George Miller (March 16, 1799 – October 27, 1883) was an American lawyer, politician, and judge from New York.

== Life ==
Miller was born on March 16, 1799, in Miller Place, New York, the son of Timothy Miller and Mehetabel Brown.

Miller attended the Clinton Academy in East Hampton. He initially studied law under Selah B. Strong, later with Caleb S. Woodhull of New York City. In 1825, he moved to Riverhead and opened a law office there. He later took James H. Tuthill as a law partner. He and a few associates purchased an entire township of valuable timberland in Maine, which turned out to involve defective titles and led to a number of suits. He was also involved in a long contest with New York City Griswold merchants over the ownership of some lots in the Brooklyn Atlantic Dock.

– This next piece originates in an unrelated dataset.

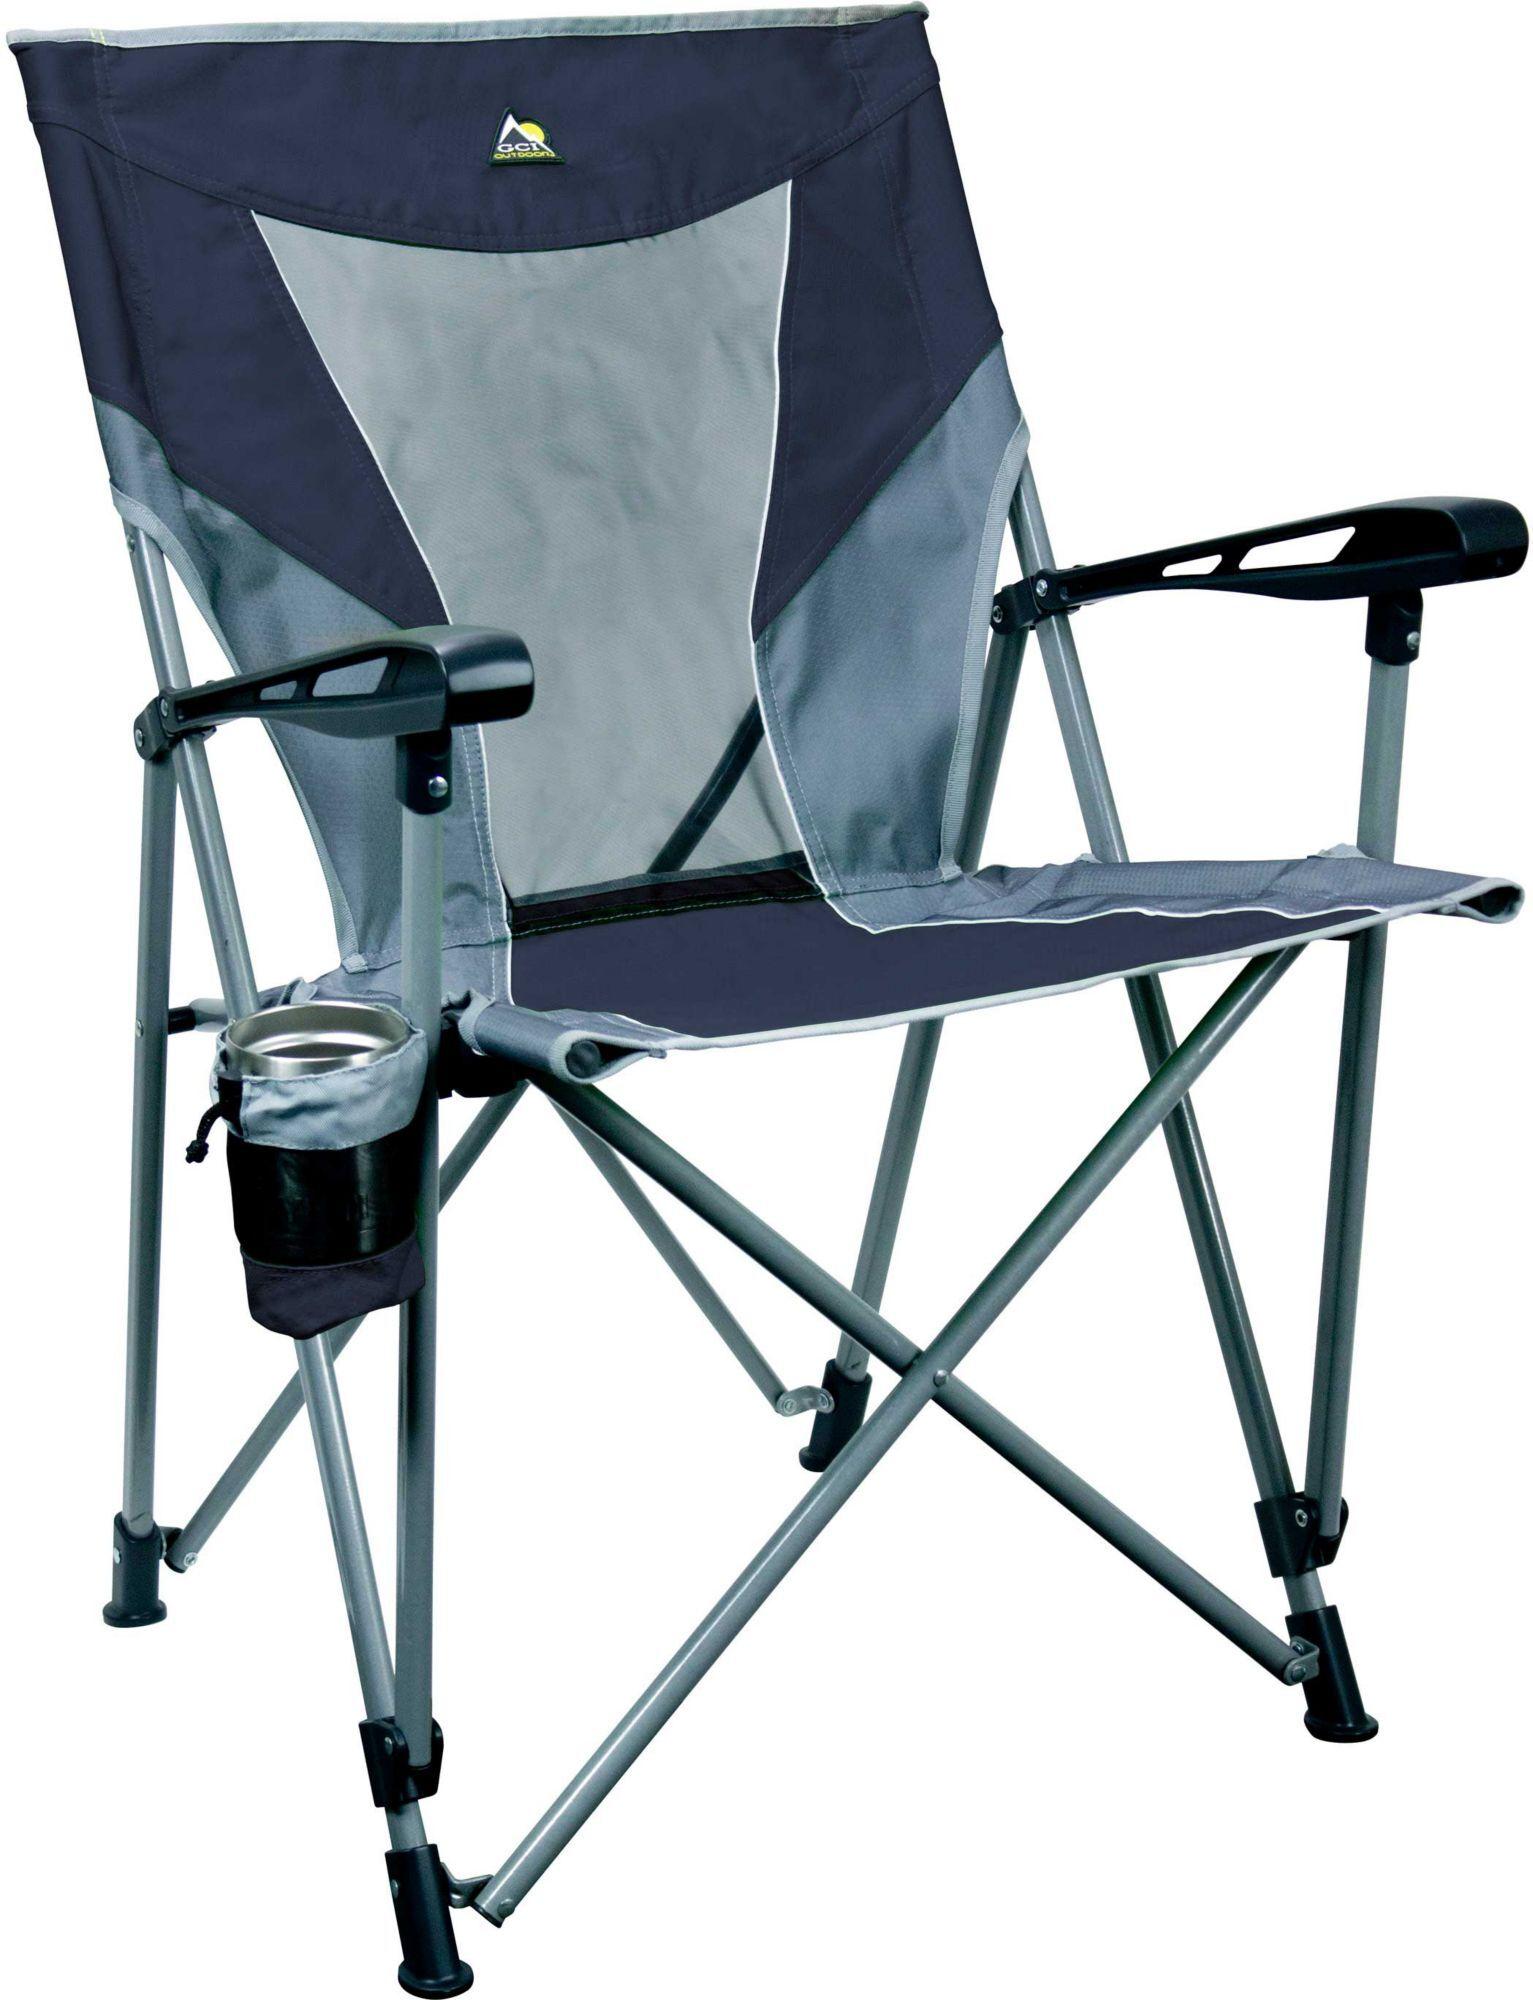 GCI Outdoor Sports Chair, Blue

In 1840, Miller was appointed Surrogate of Suffolk County. He was a supporter of the Maine law. In 1853, he was elected to the New York State Assembly as a Whig, representing the Suffolk County 1st District. He served in the Assembly in 1854, introducing a bill that would incorporate the Riverhead Canal and Mill Company. In 1857, he was appointed County Judge and Surrogate following the resignation of Abraham T. Rose. He lost the election for the position later that year to J. Lawrence Smith. He became district attorney of Suffolk County in 1858, and in the election that he ran as a Republican and won.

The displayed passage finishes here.